__GIVEN MATERIAL__:
========
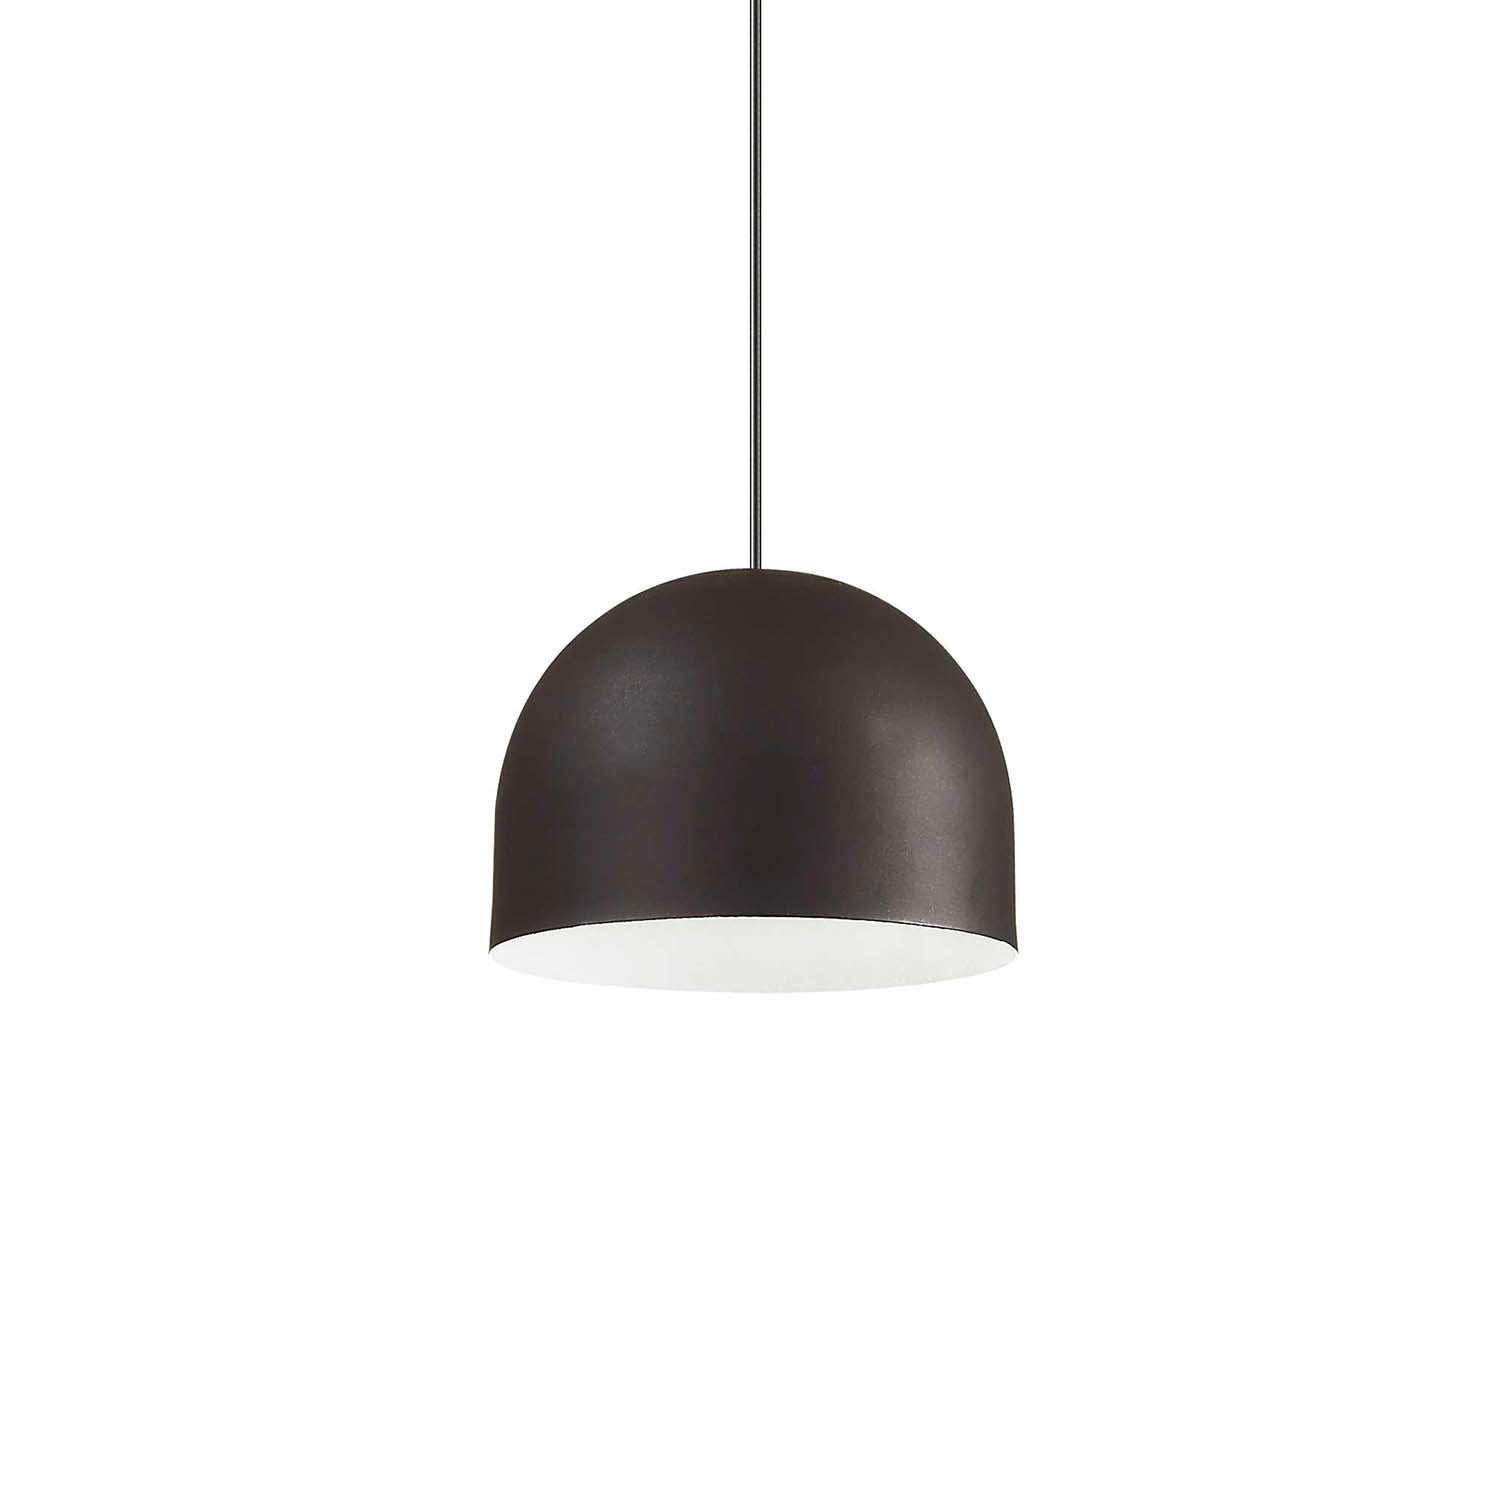 TALL - Designer black or white dome pendant light
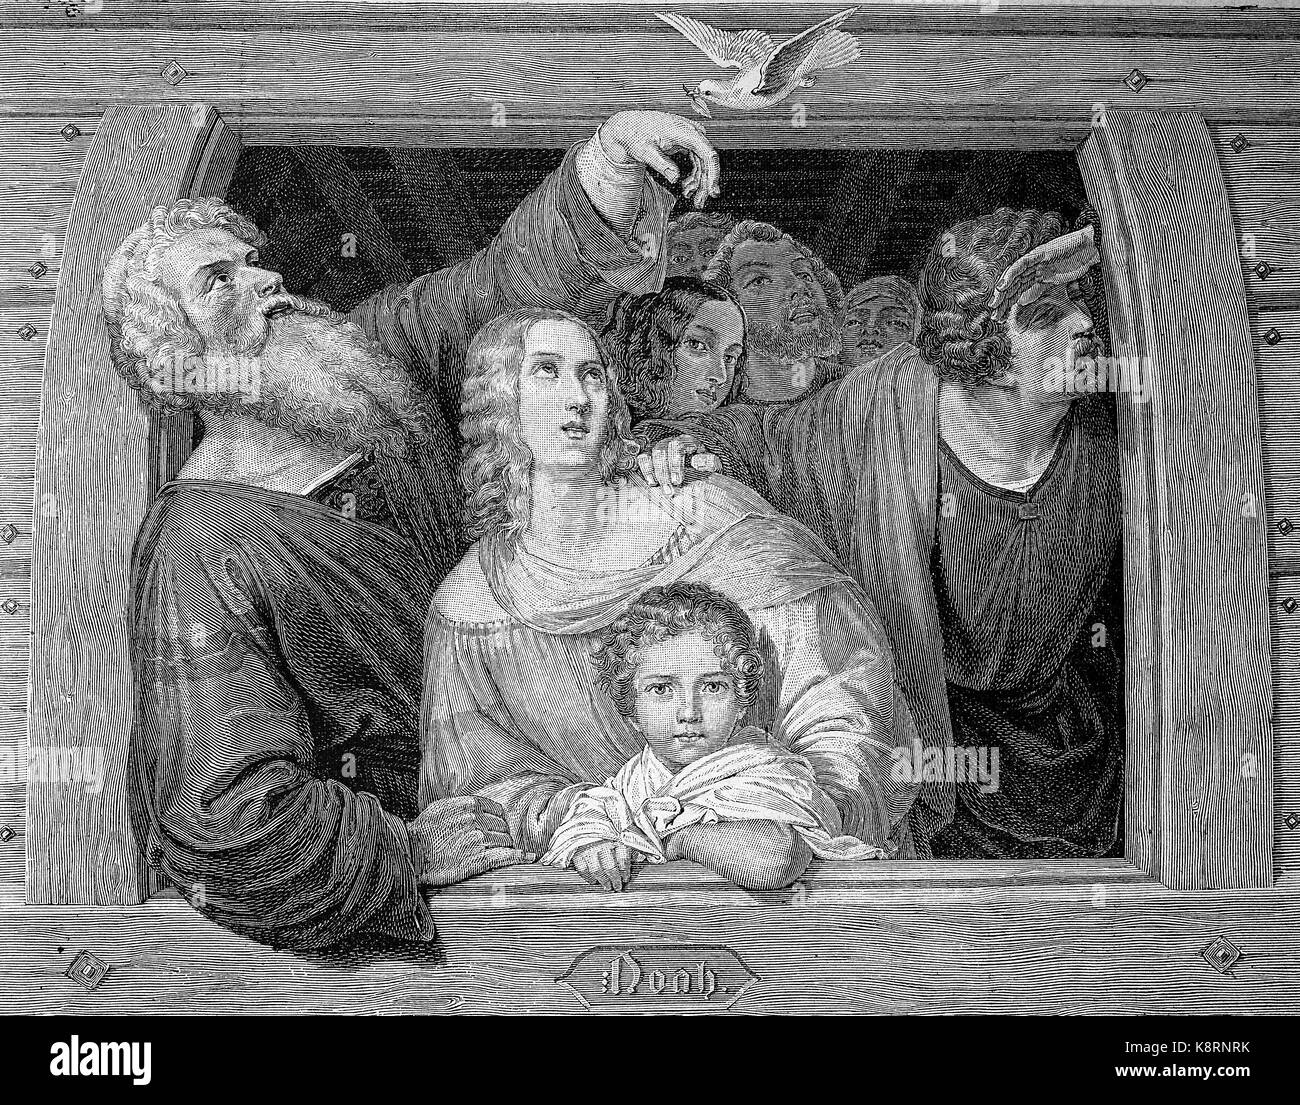 Noah und seine Familie empfängt die Taube bei ihrer Retour sur l'Arche de Noé, donnant le geste d'orant comme la colombe revient, l'amélioration numérique reproduction d'une gravure sur bois, publié dans le 19e siècle Banque D'Images
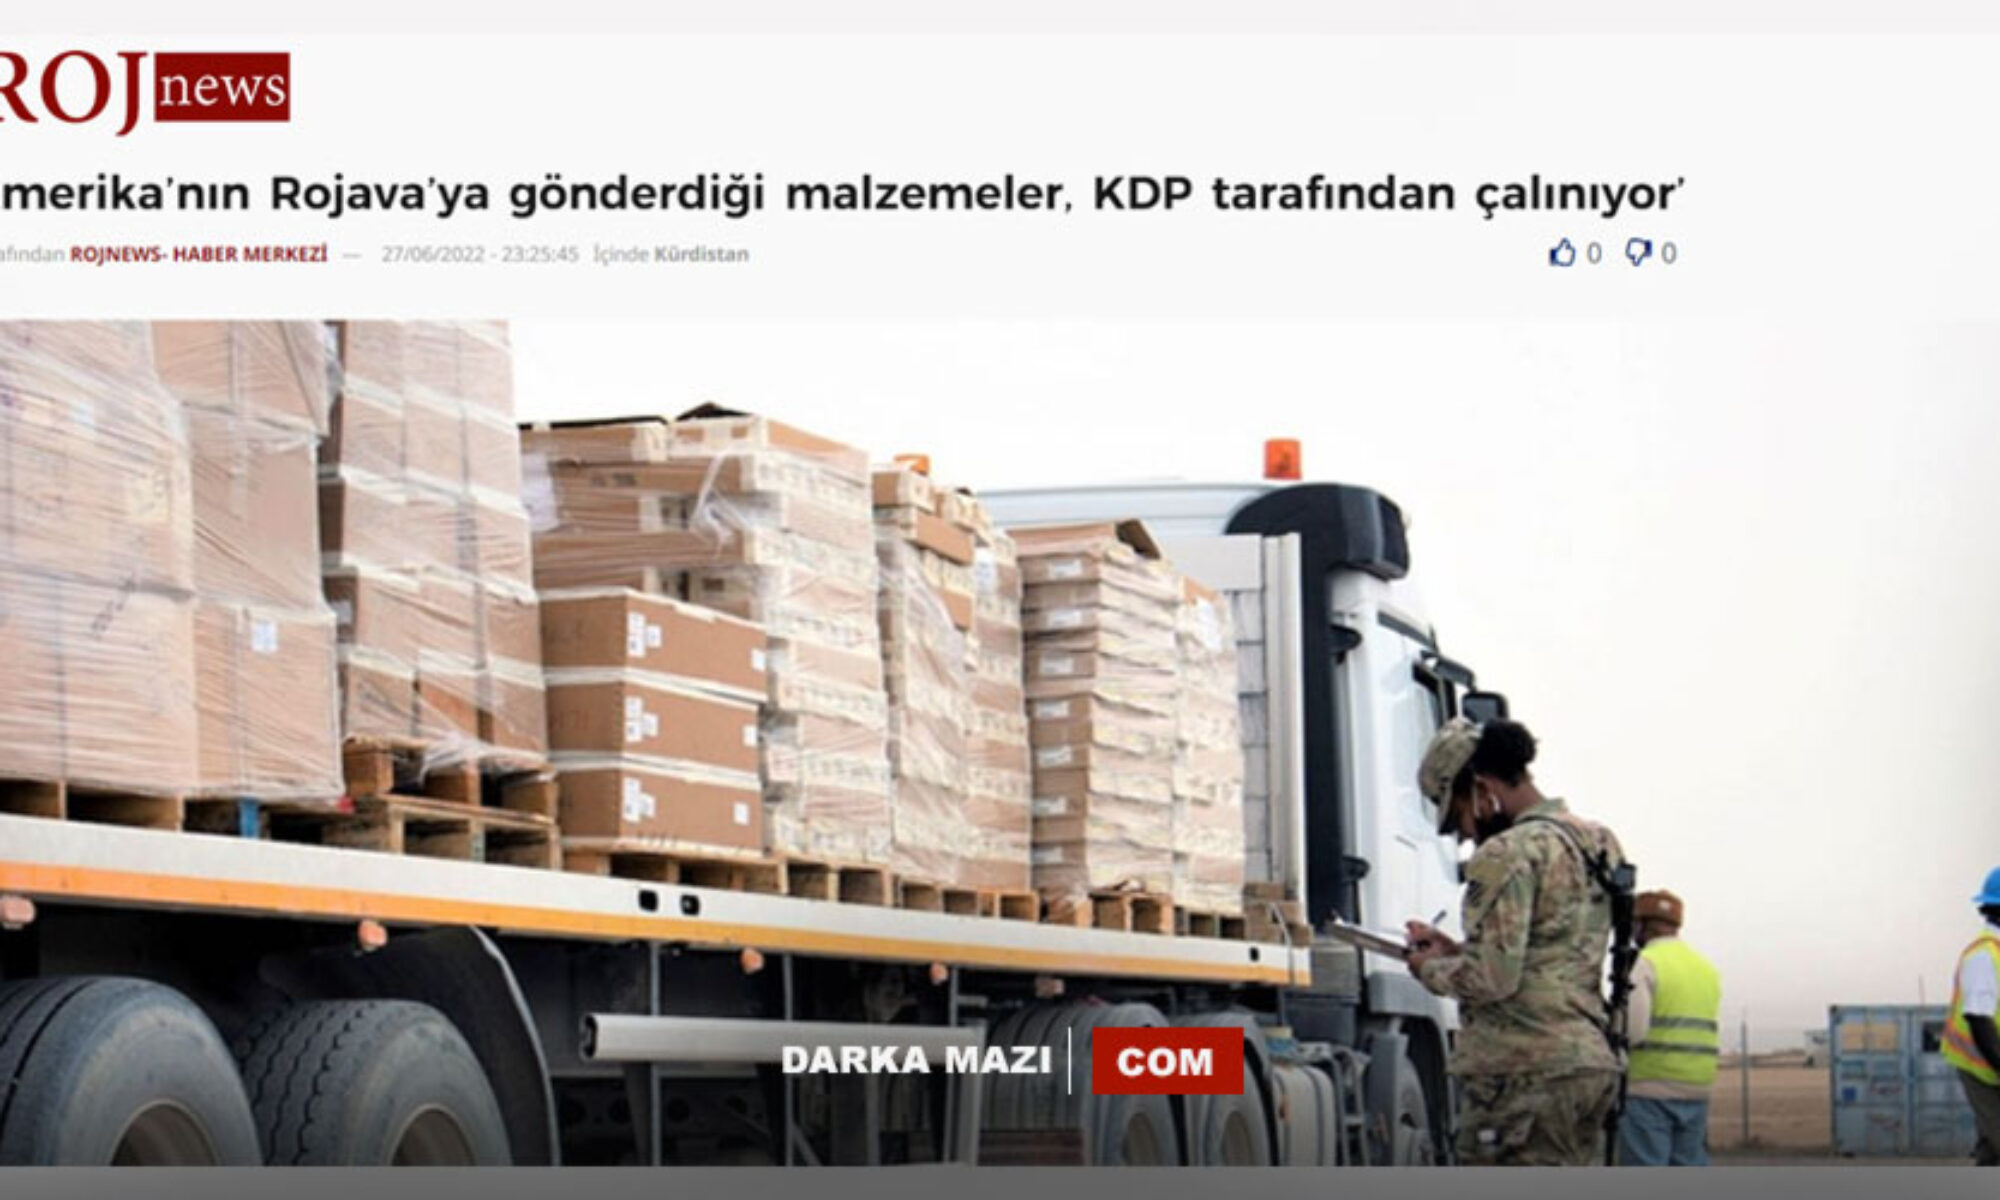 PKK ajansı Rojnews’ten yine yalan haber: Rojava’ya giden yardımlar çalınıyor
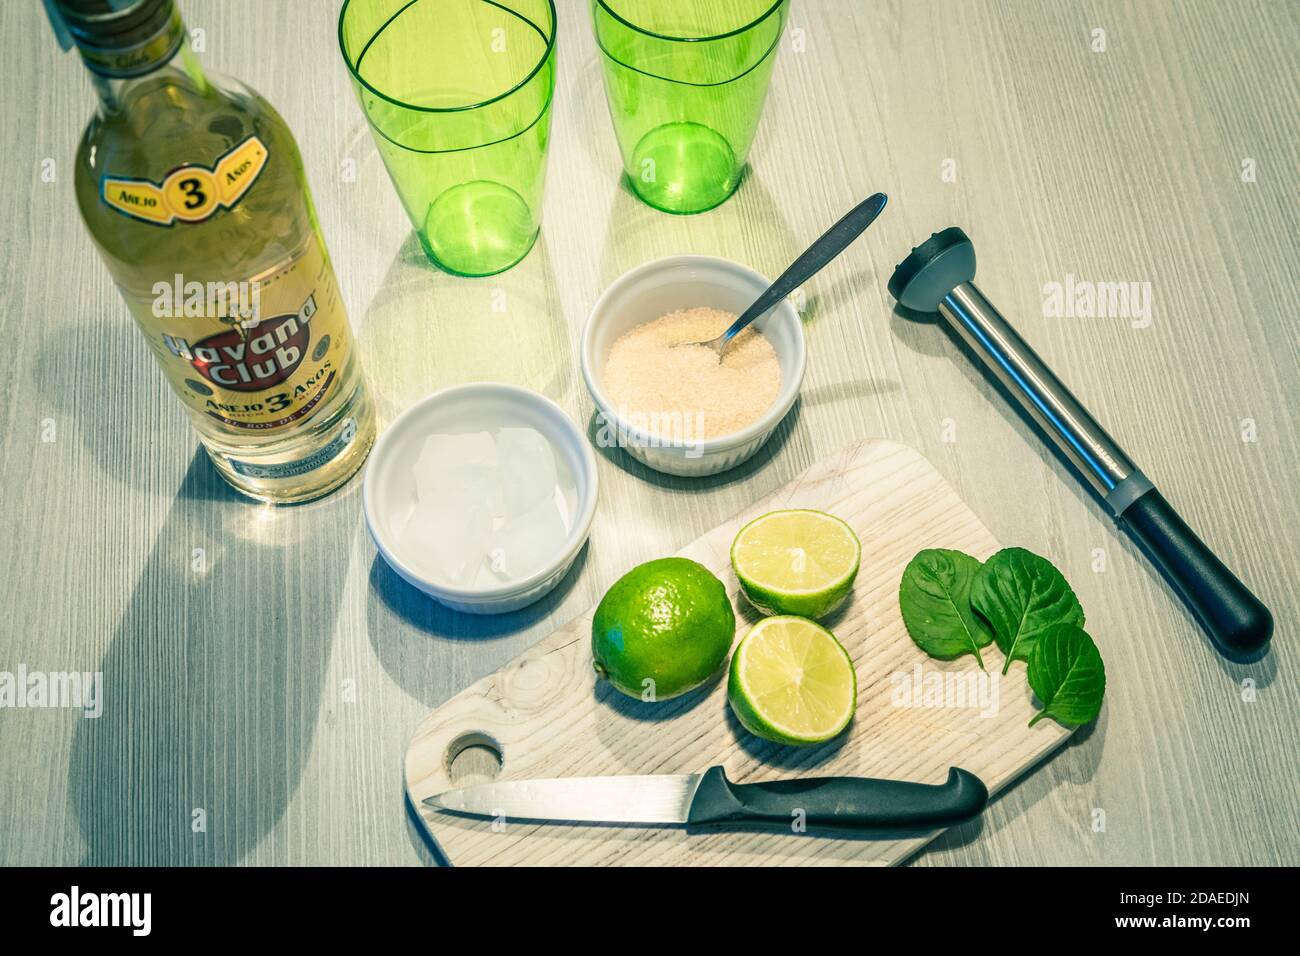 préparation d'un cocktail mojito, ingrédients sur une table en bois et quelques verres verts Banque D'Images
========
Retype verbatim only the lines beginning with the line that contains "PKK ajansı Rojnews’ten" and ending with the last line of the listing above; pictures are to be excluded.

__THE COMPLETED TASK__:
 PKK ajansı Rojnews’ten yine yalan haber: Rojava’ya giden yardımlar çalınıyor
 préparation d'un cocktail mojito, ingrédients sur une table en bois et quelques verres verts Banque D'Images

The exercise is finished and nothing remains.